Nel mezzo di tutto mi trovo tra gioie e dolori che non riesco a controllare

che sia davvero l’amore che io debba ricercare.

Se l’amore fosse…come potrei io essere?

 

Se l’amore fosse geloso

lo smascherei come poco vigoroso

Il mio animo lentamente si placherebbe 

perché il mio cuore finalmente capirebbe

che non è il perderti che mi farebbe male

ma è l’amarti per renderti felice che per me vale.

 

Seppur nel suo imparare l’amore diventasse vanitoso

davanti a migliaia di specchi lo trascinerei impetuoso

insieme a lui di ogni immagine mi priverei 

ed essi tutti spaccherei

perché è con lui nelle sue profondità che vorrei imparare a perdermi,

sperando così di poter poi ritrovarmi.

 

Se col tempo per il suo buon agire l’amore si riempisse di orgoglio,

di tanta saggezza lo vedrei spoglio

in lui io totalmente il mio cammino riconoscerei

ma supplicando nel dolore delle sue ginocchia l’umiltà domanderei.

 

E se tra uno sgarbo e l’altro l’amore si manifestasse nell’ira

vedrei Dio devastare il male, ma a me dire; non ti accendere, respira.

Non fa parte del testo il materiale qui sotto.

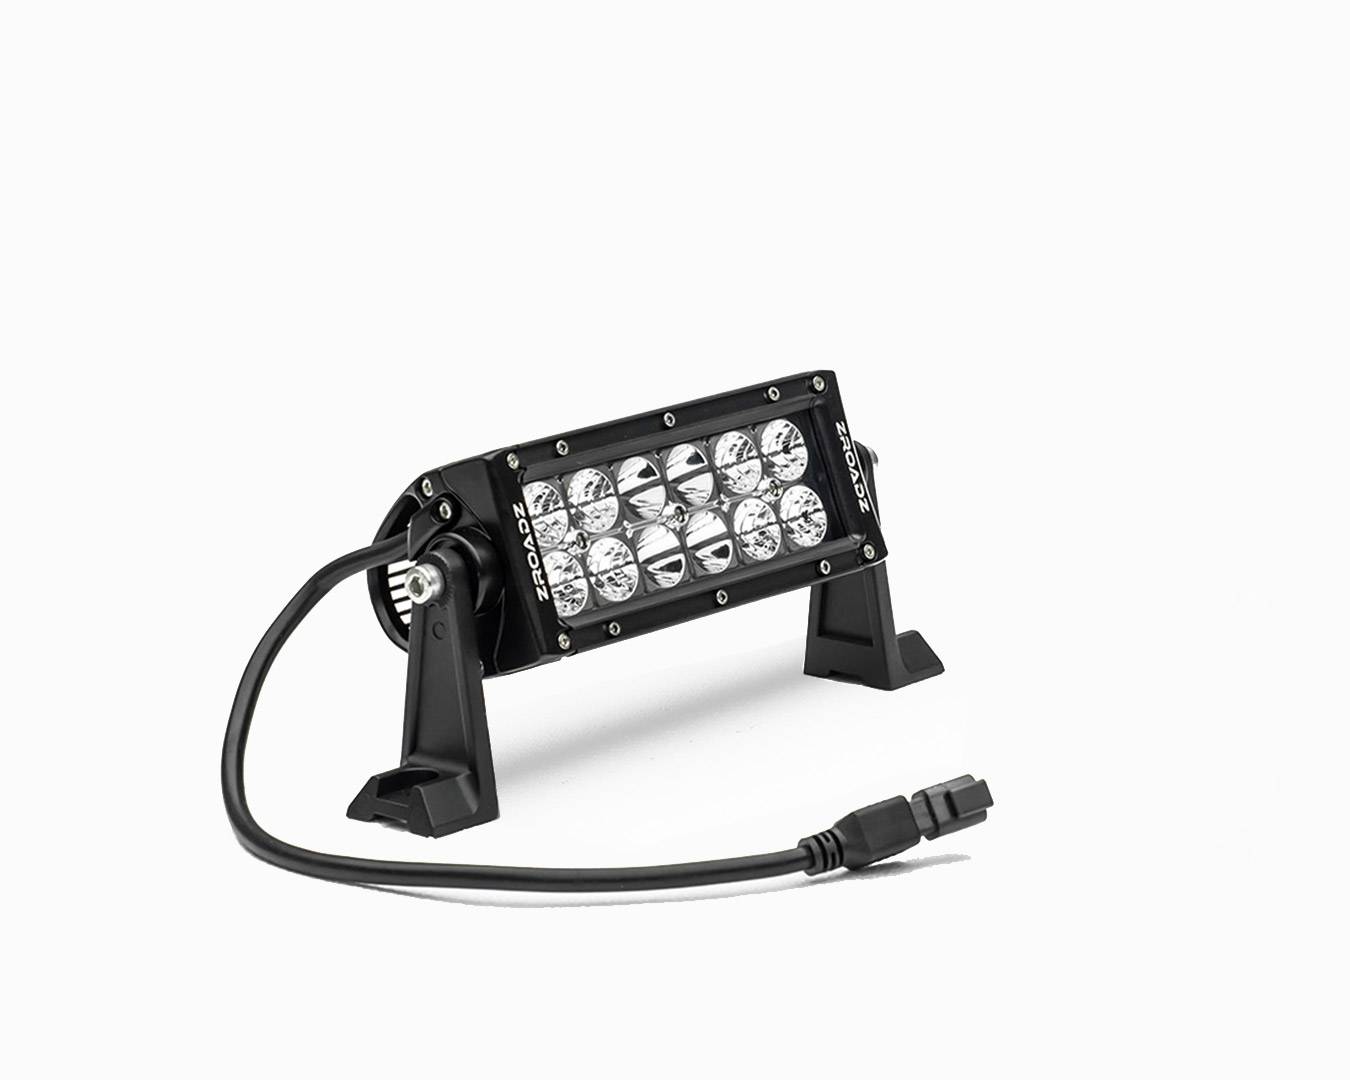 ZROADZ OFF ROAD PRODUCTS - 6 Inch LED Straight Double Row Light Bar - Part # Z30BC14W36

e allora a Lui il mio bisogno di giustizia con foga urlerei

e insieme con loro nella pace la giustizia otterrei.

 

Ma se per cecità l’amore volesse manifestarsi in modo indecente

in lui noterei tutte le mie macchie, le macchie di un perdente,  

prova a stare ancora con me lo supplicherei

e con lui nella bianca e pura legge mi purificherei.

 

Se ancora in preda al suo ego l’amore iniziasse a cercare il proprio interesse

e in me l’assenza dell’uomo di vero valore si manifestasse

con lui di generosità la mia nuda povertà coprirei 

e tutti i miei averi senza esitare donerei.

 

Ma se nel cambiare l’amore iniziasse col non rallegrarsi della crudeltà

ma nel rallegrarsi della verità, 

con lui l’invidia, la mia invidia scaccerei

e la mia poca autostima ucciderei.

 

E se con comprensione, nella sua ragione l’amore fosse nel non tenere conto del male, 

calunnia, frode, inganno e ingiuria non mi toccherebbero nel reale.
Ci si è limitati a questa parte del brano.